DATA FOR PROCESSING:
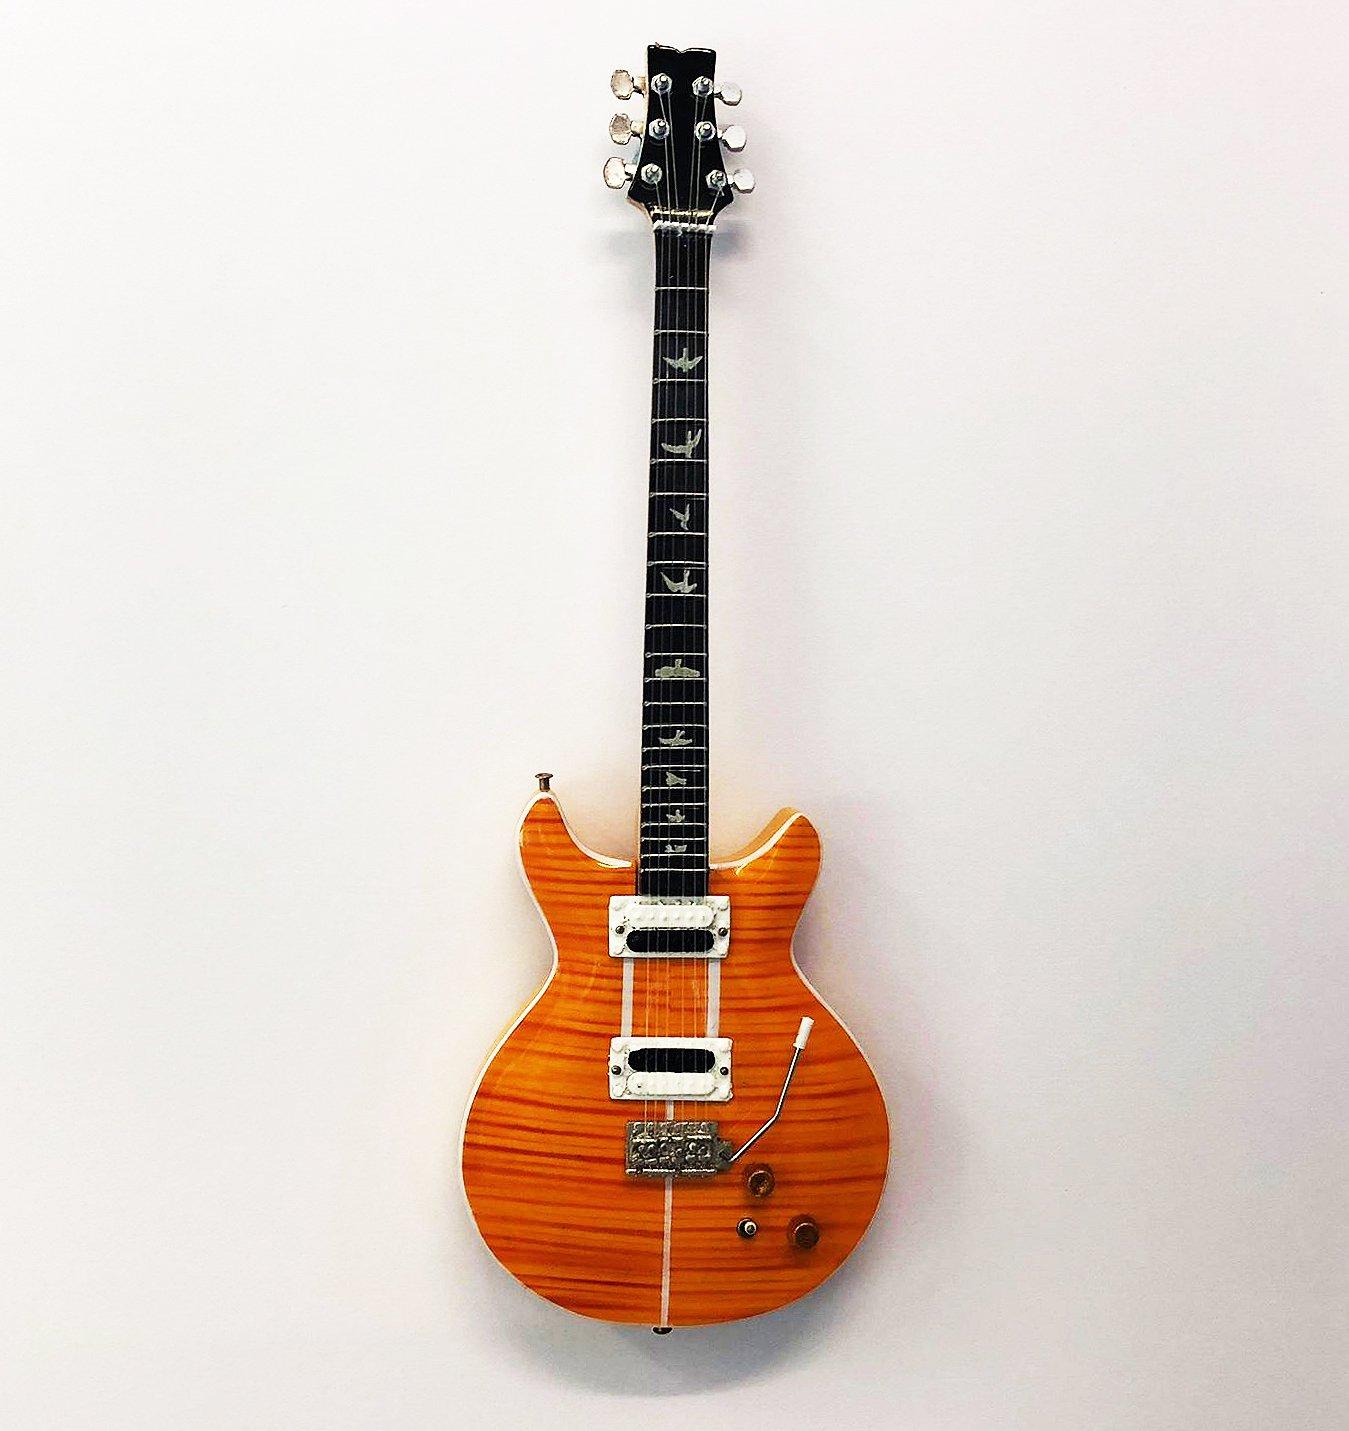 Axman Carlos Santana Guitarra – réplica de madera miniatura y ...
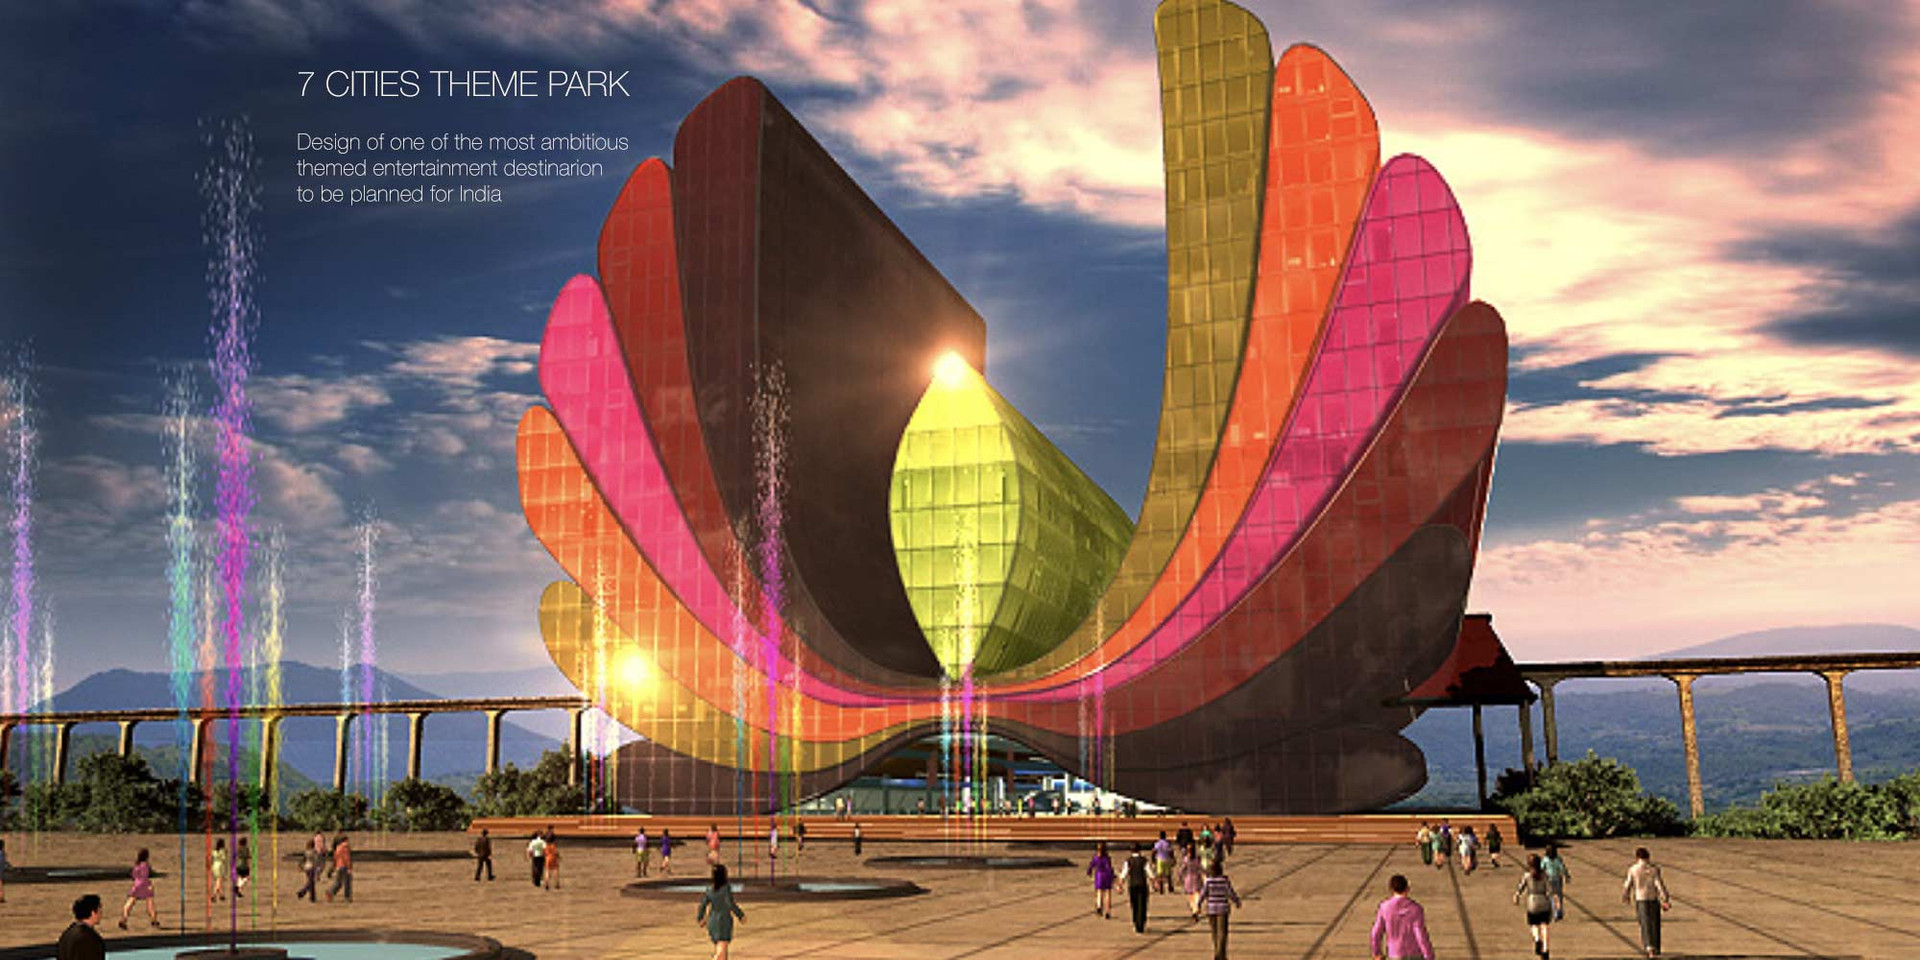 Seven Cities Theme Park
==
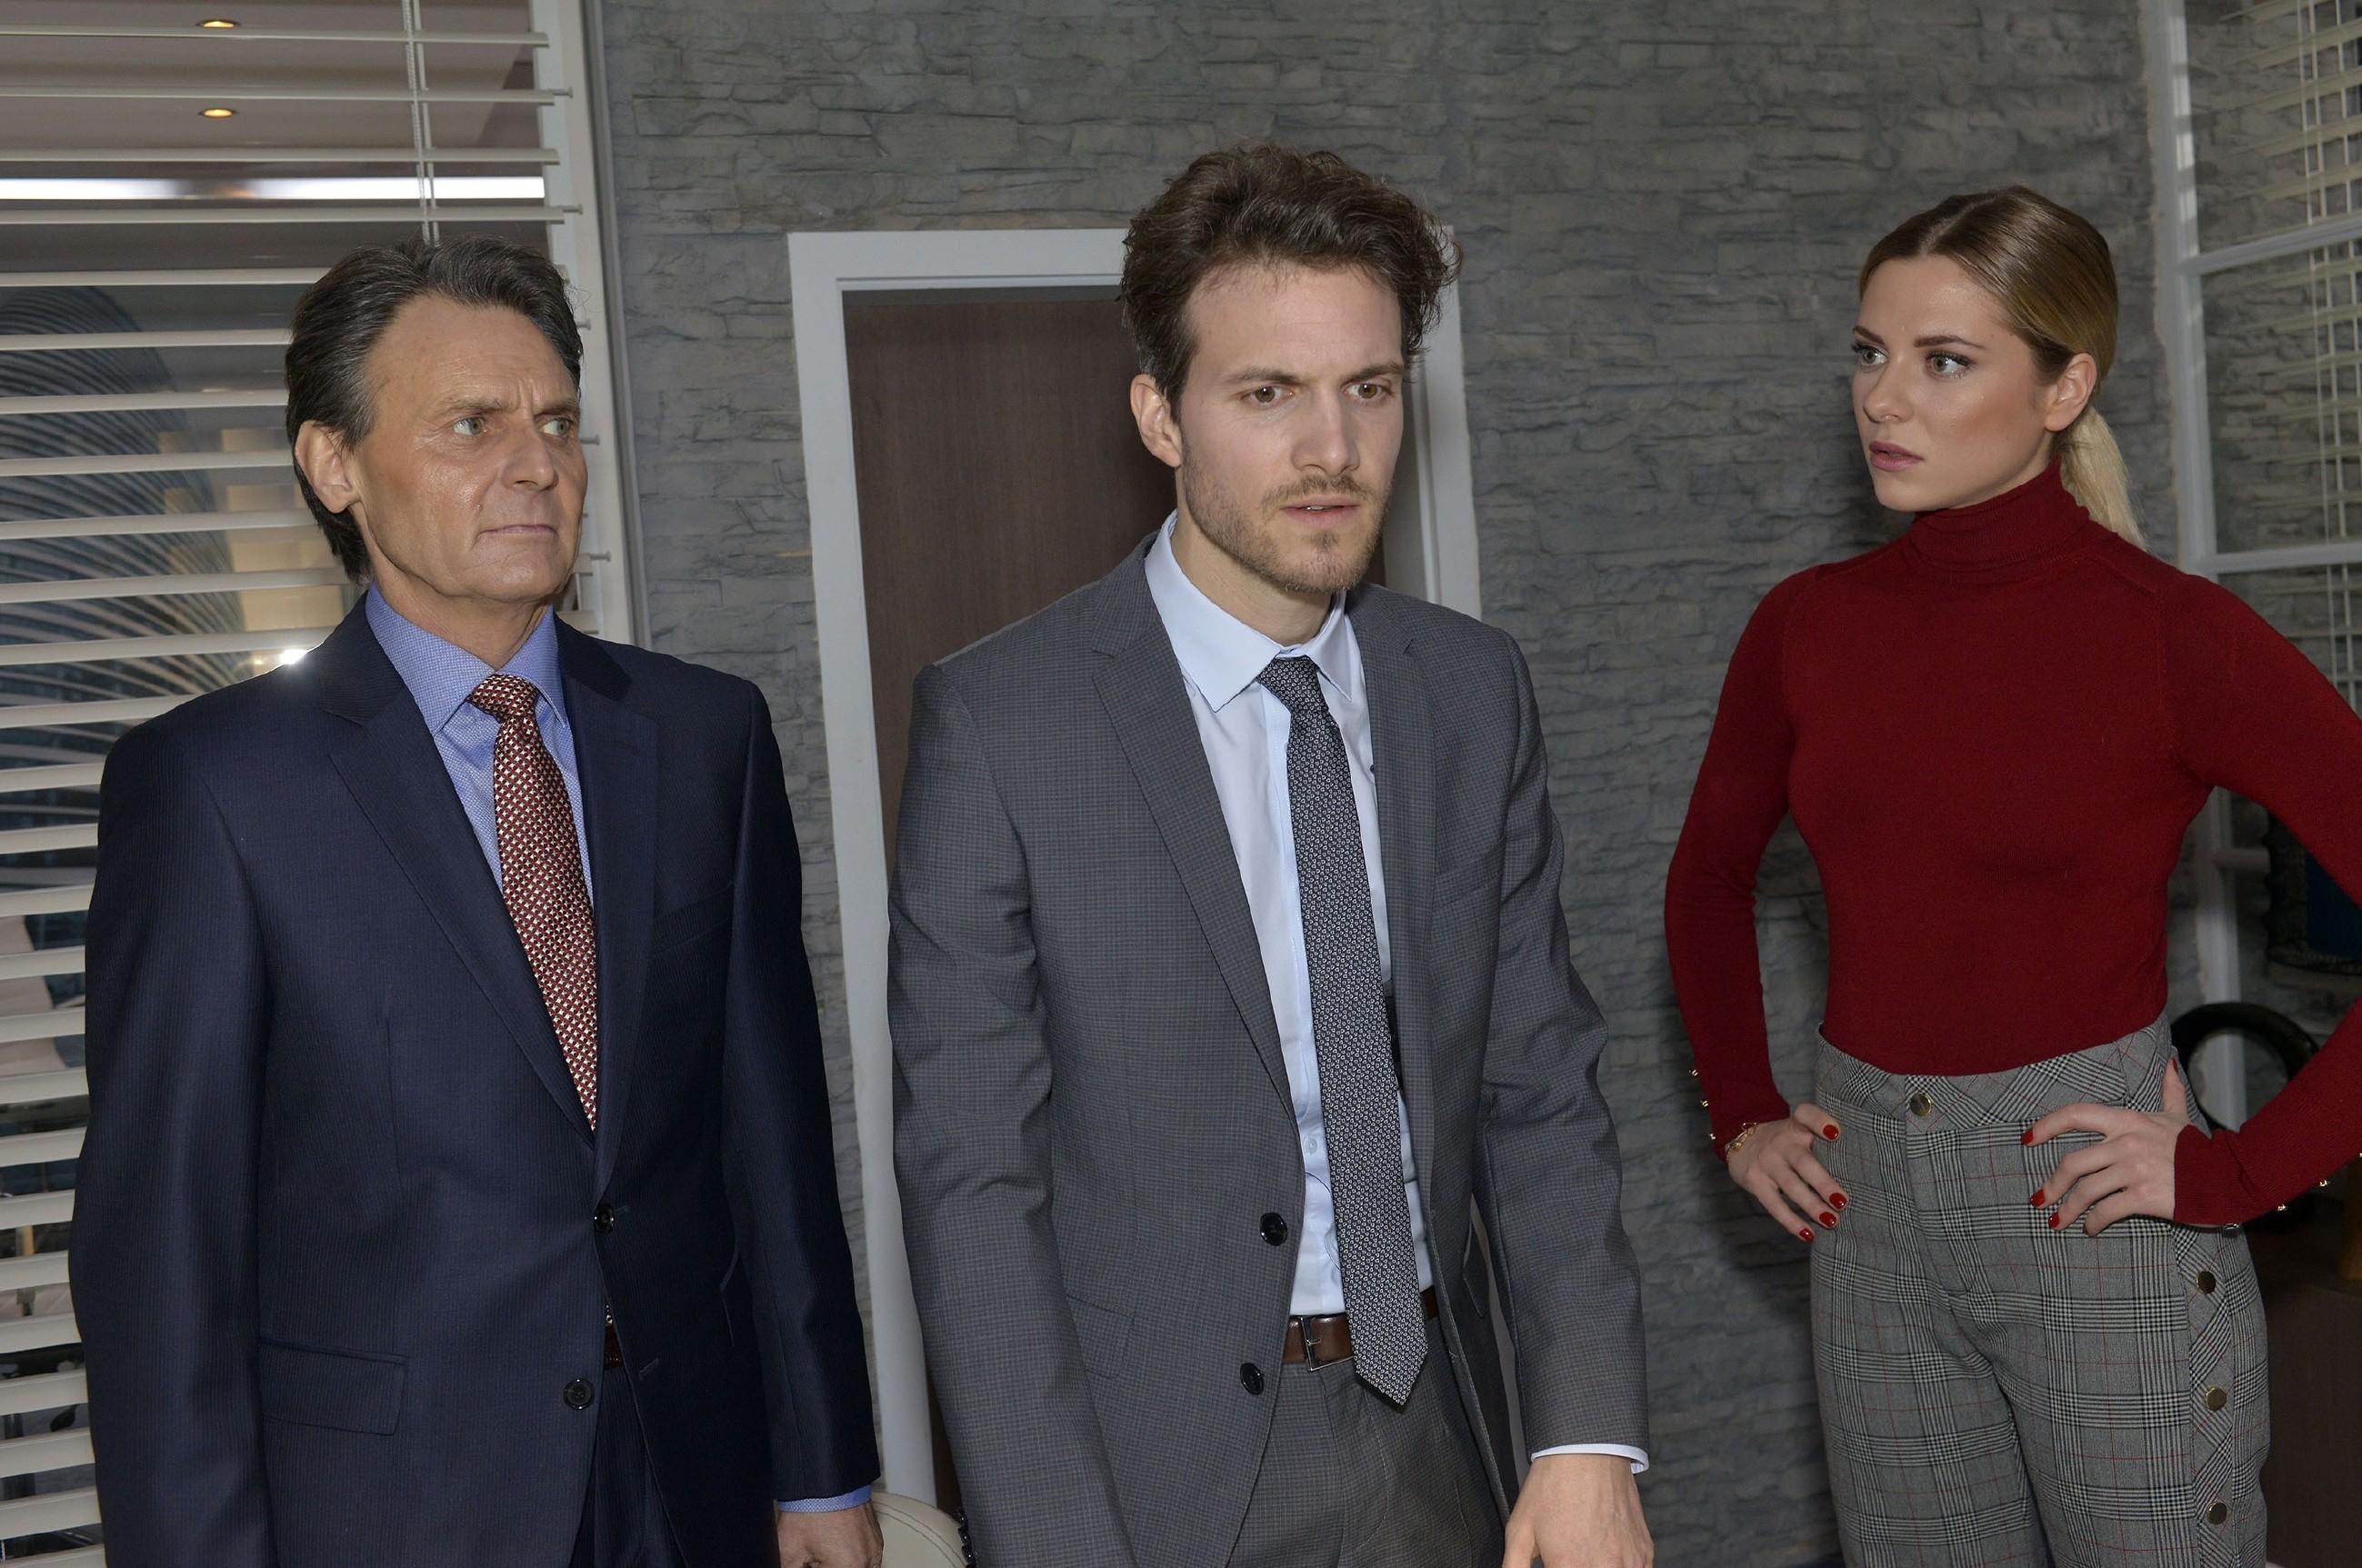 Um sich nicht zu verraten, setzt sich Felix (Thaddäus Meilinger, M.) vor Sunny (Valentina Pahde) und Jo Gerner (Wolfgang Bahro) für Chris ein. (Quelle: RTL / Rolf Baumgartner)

TASK:
Between and including the line above that contains "Axman Carlos Santana" and the line that contains "Seven Cities Theme Park", restate every line word for word. Pictures stay out.

EXERCISE OUTPUT:
 Axman Carlos Santana Guitarra – réplica de madera miniatura y ...
 Seven Cities Theme Park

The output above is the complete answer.